**WHAT NEEDS TO BE DONE**:
Below, some lines carry pictures; leave those pictures out and retype exactly the lines from the one with "las mejores motos" through the one with "Détails sur adidas".

**DATA EXTRACT**:
------------

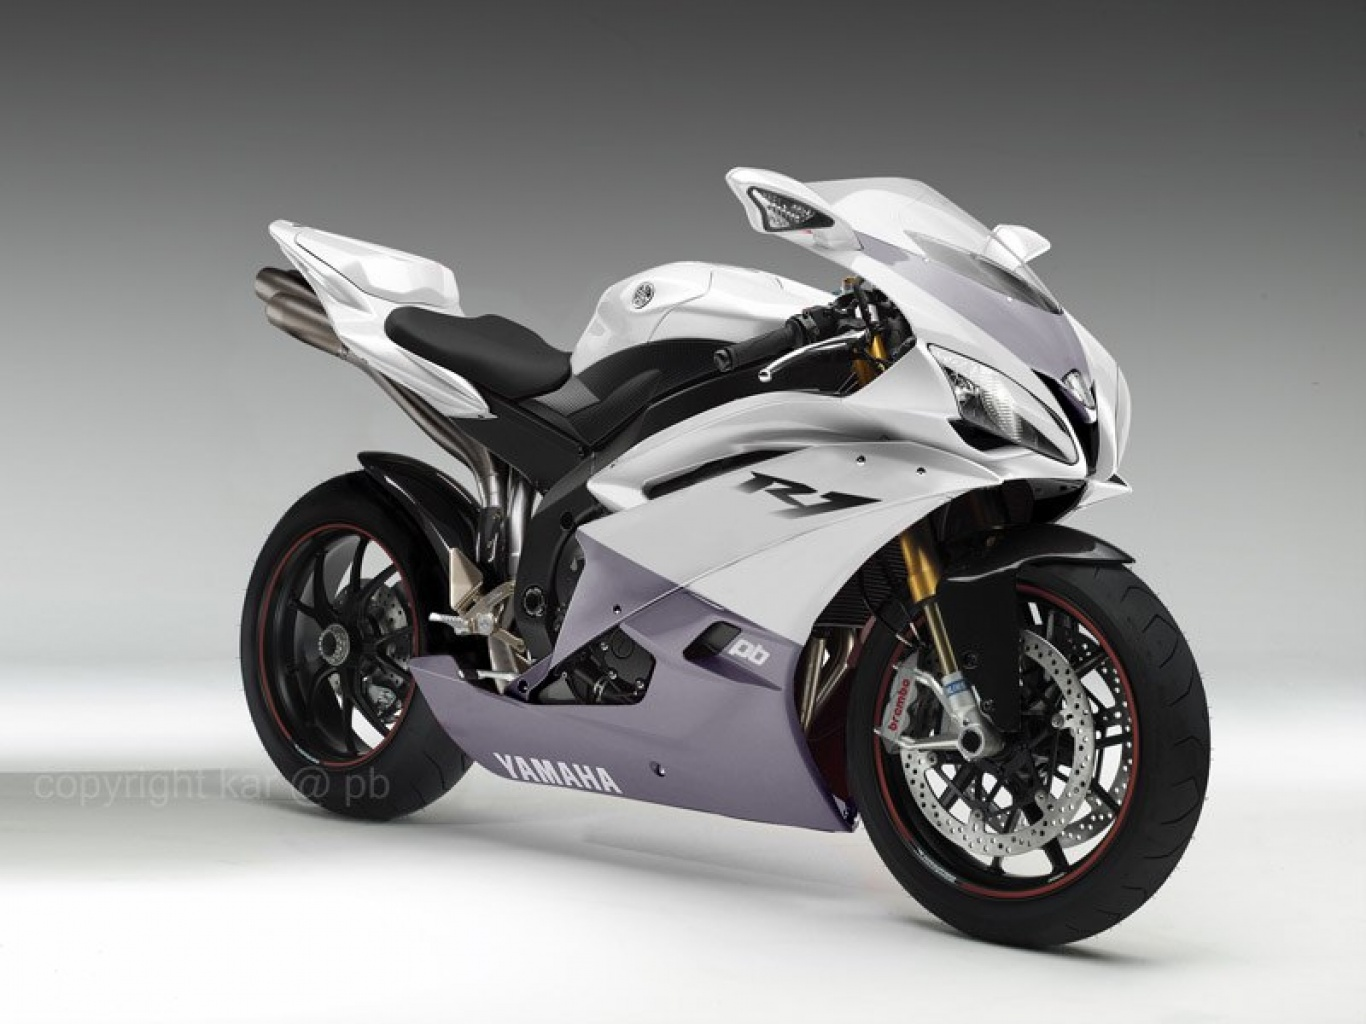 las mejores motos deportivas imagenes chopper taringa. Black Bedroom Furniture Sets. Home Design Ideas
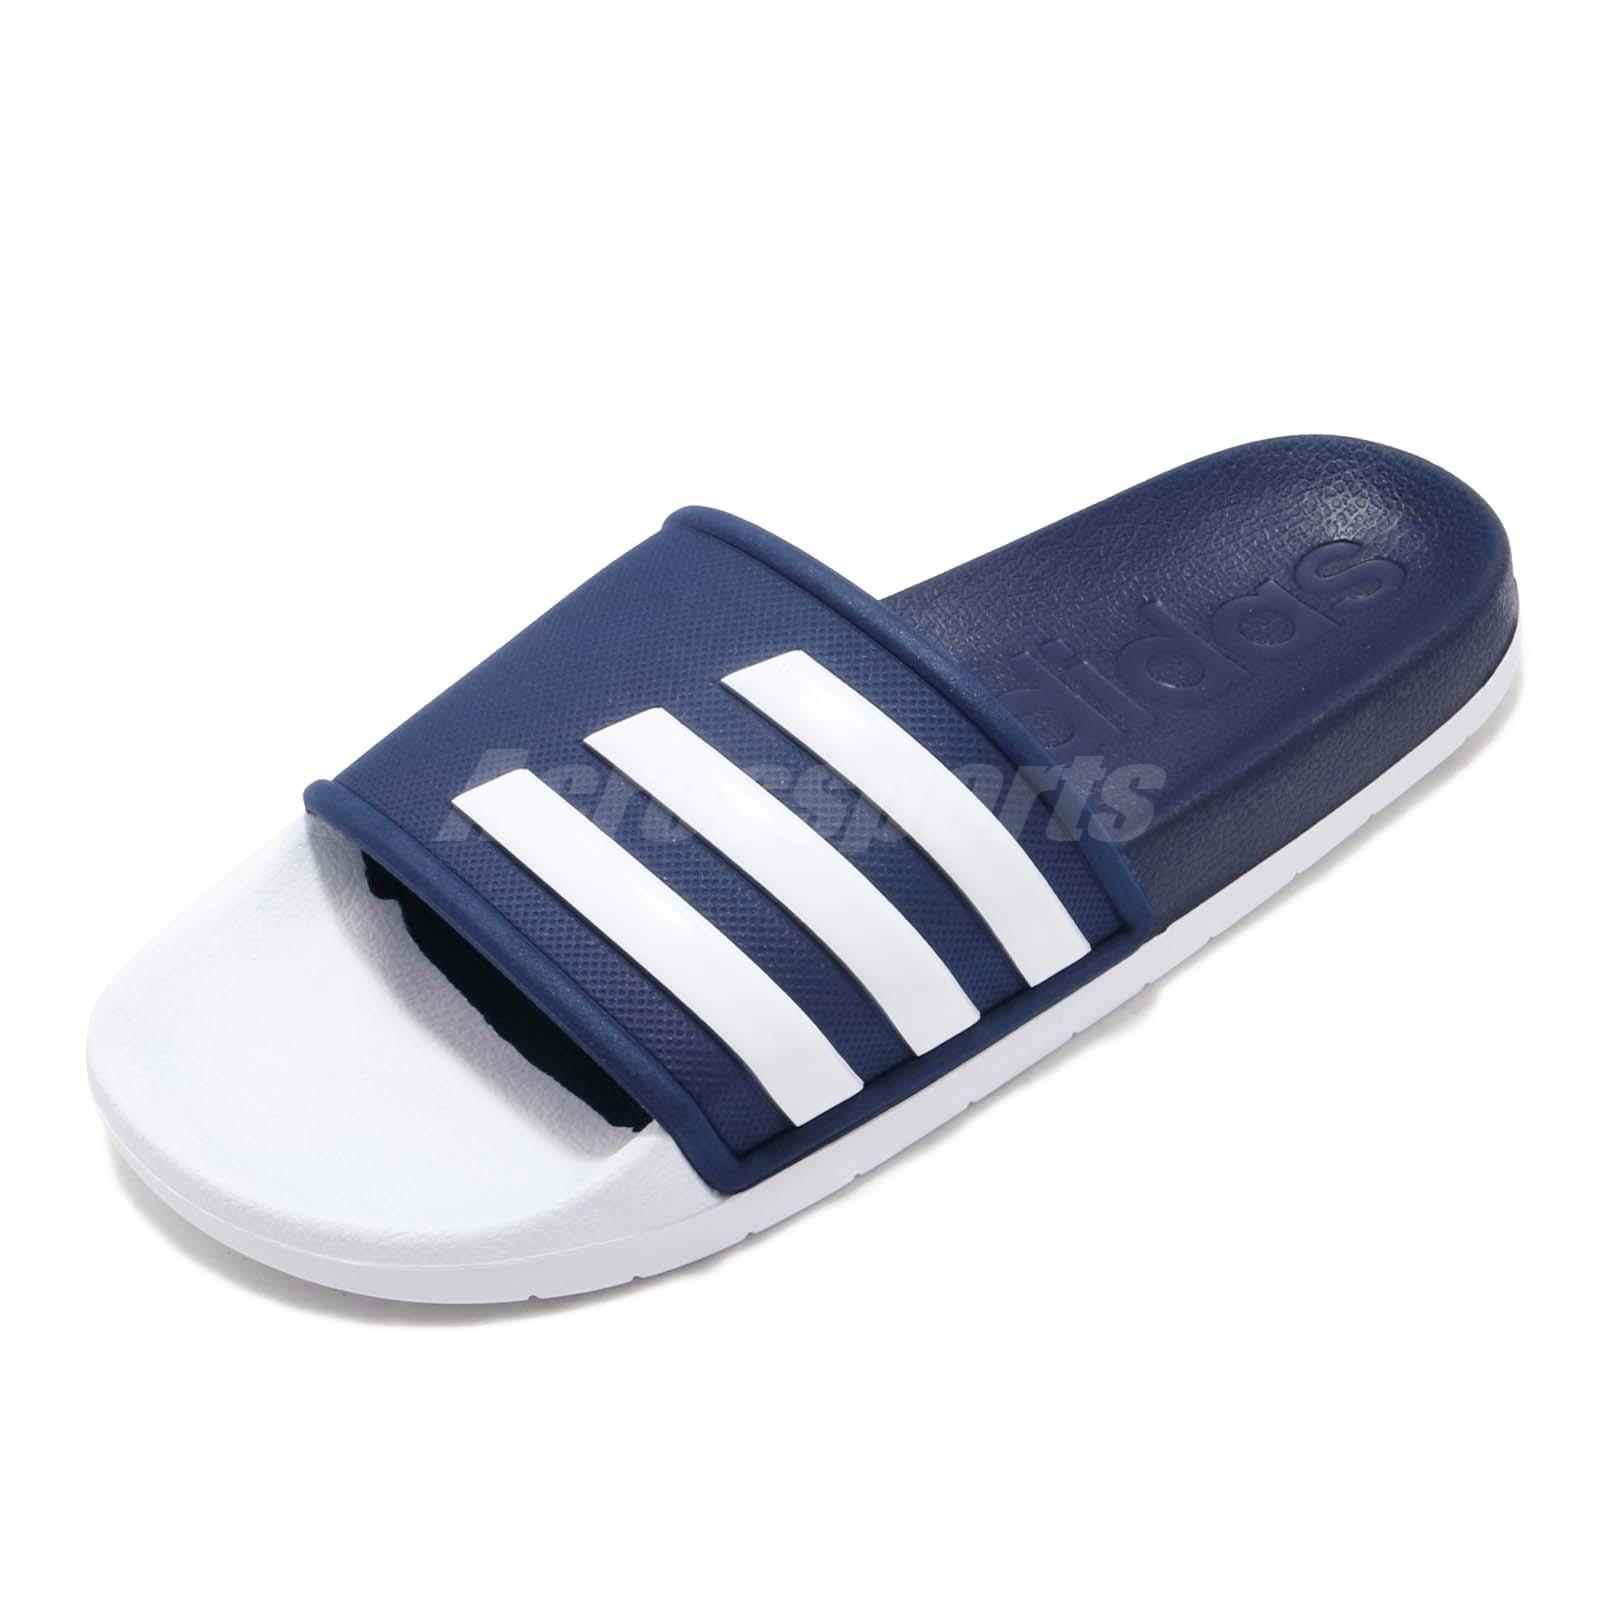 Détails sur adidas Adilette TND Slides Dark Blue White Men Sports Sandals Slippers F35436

------------

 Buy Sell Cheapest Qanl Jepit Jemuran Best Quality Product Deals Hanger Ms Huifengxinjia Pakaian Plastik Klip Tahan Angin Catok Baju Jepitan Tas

------------

**SOLUTION TO THIS EXERCISE**:
 las mejores motos deportivas imagenes chopper taringa. Black Bedroom Furniture Sets. Home Design Ideas
 Détails sur adidas Adilette TND Slides Dark Blue White Men Sports Sandals Slippers F35436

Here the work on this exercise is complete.